Michael Patrick MacDonald,
All Souls:
A Family Story from Southie

(Beacon, 1999; Ballantine, 2000)

This is a true tale of the harsh side of American life.

Set mostly in the 1970s in the most affluent country in the world, the MacDonald family was devastatingly poor. With their mother and a series of her unreliable boyfriends, the nine children lived in the section of Boston known as "Southie," a largely Irish ghetto.

Caught in a vicious circle of fierce pride, in both their Irish and American heritages, many families including the MacDonalds were unable or unwilling to leave. Thus, the neighborhood remained intact and everyone living in it remained trapped at poverty level.

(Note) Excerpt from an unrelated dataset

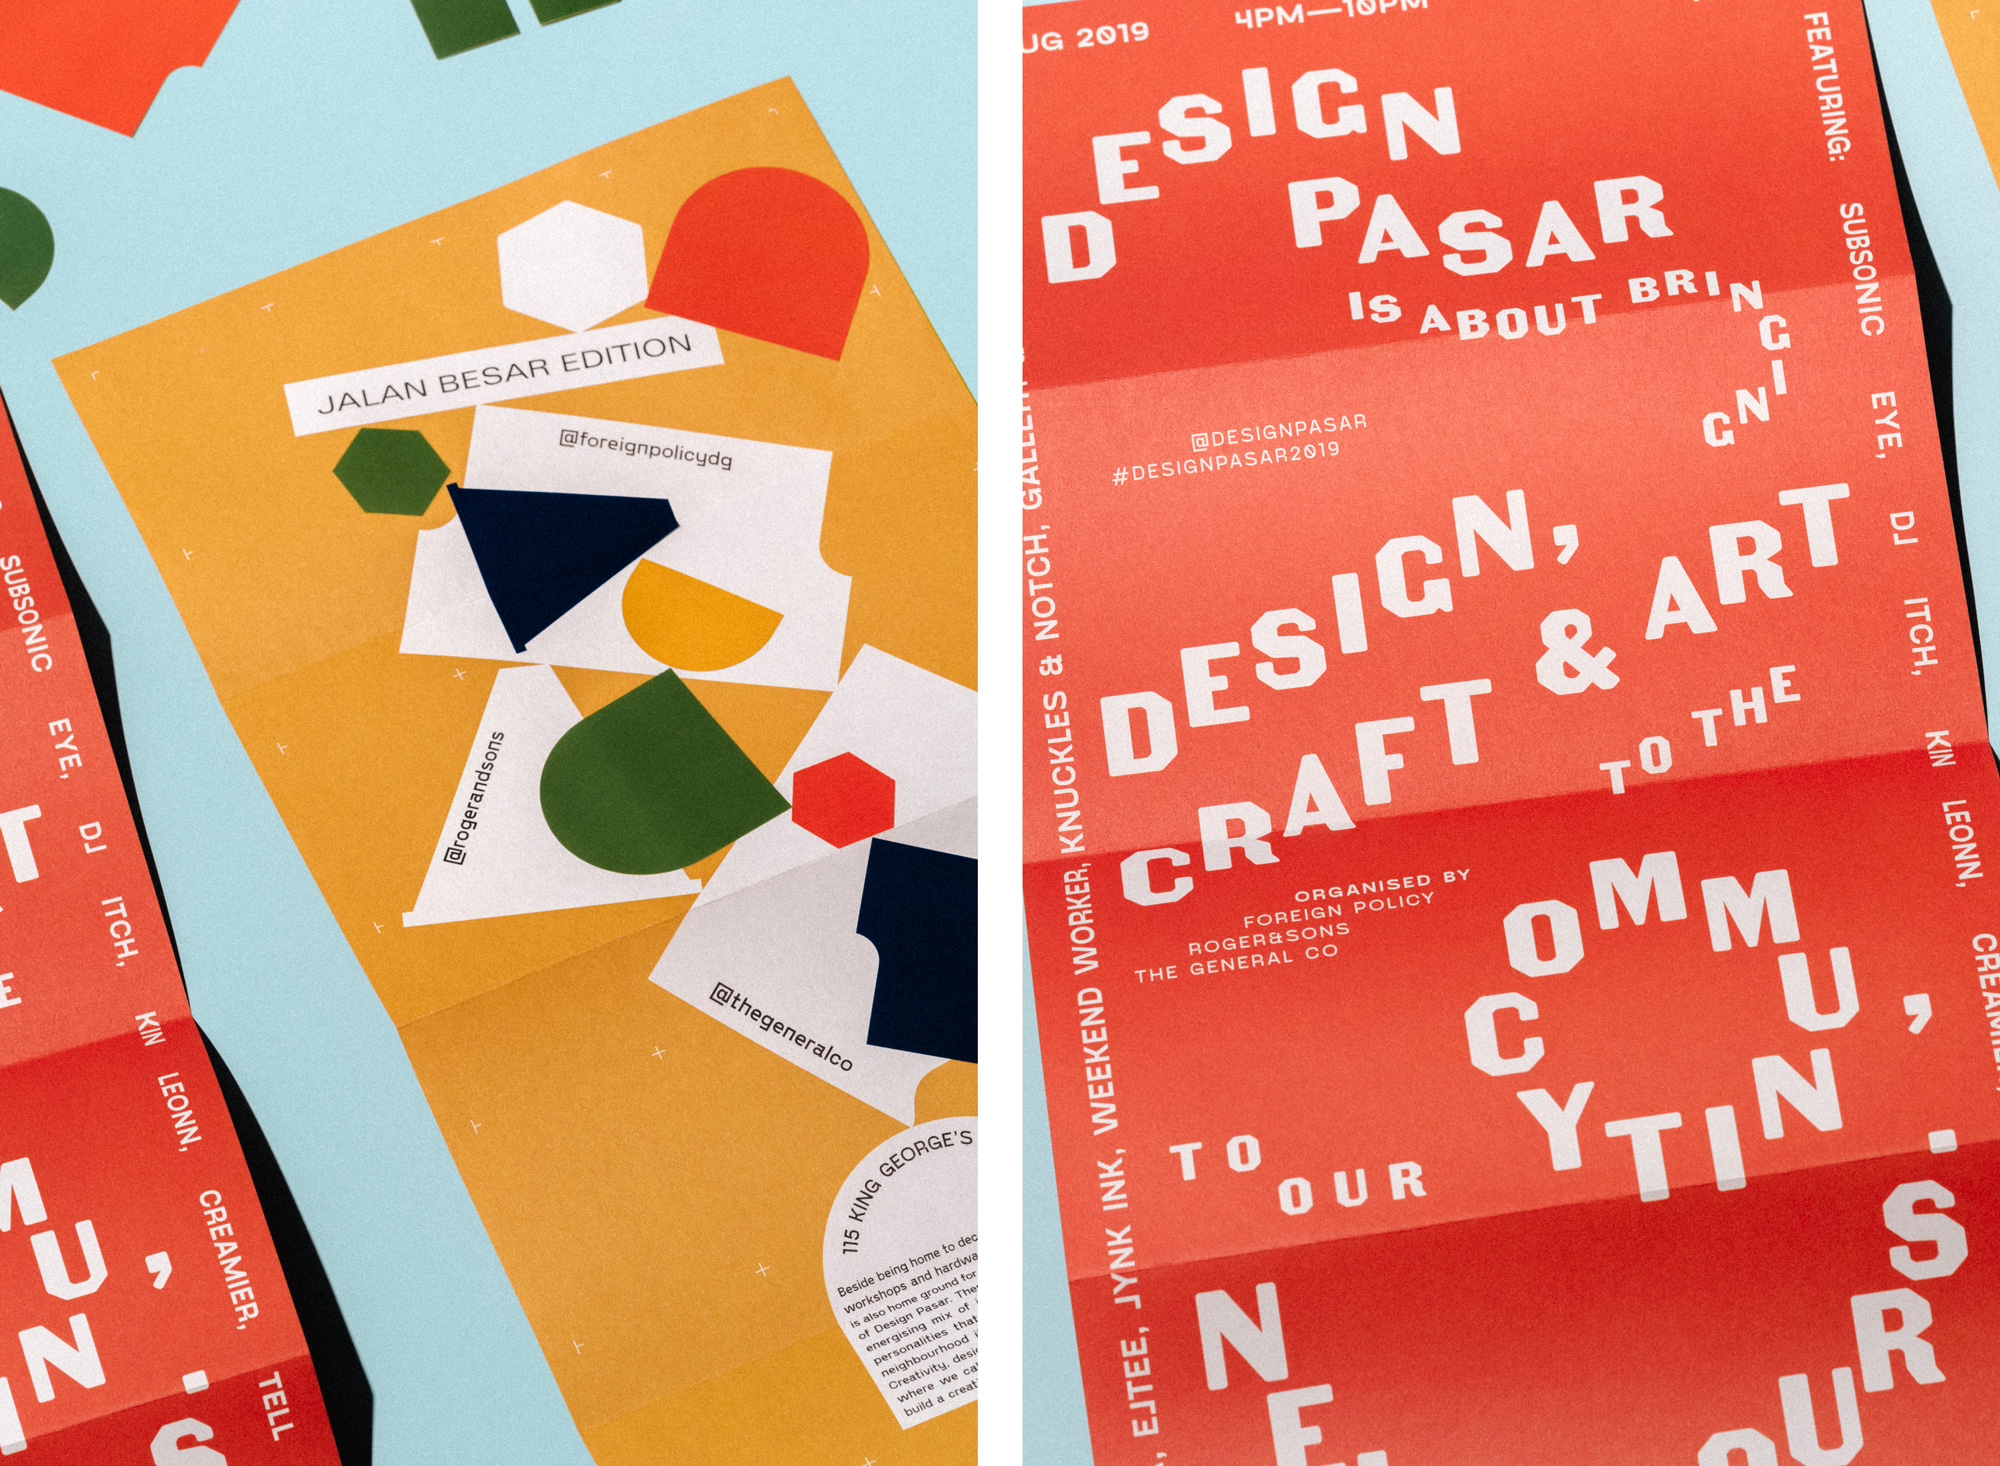 New Logo and Identity for Design Pasar by Foreign Policy

Michael MacDonald claims to have grown up unaware of the insidious threats to his family and friends caused by the ever-present Irish mafia. Drugs were sold openly in the streets and, of the entire MacDonald family, only Michael resisted their lure. Violence was a daily factor in their lives, most famously during the busing strikes of the mid-1970s.

There is nothing pretty about growing up in a ghetto, and MacDonald doesn't attempt to make it so. But in such a tight-knit community, loyalties are formed -- and MacDonald never renounces nor promotes the Southie way. He tells his story just as he experienced it: good, bad and truly terrible.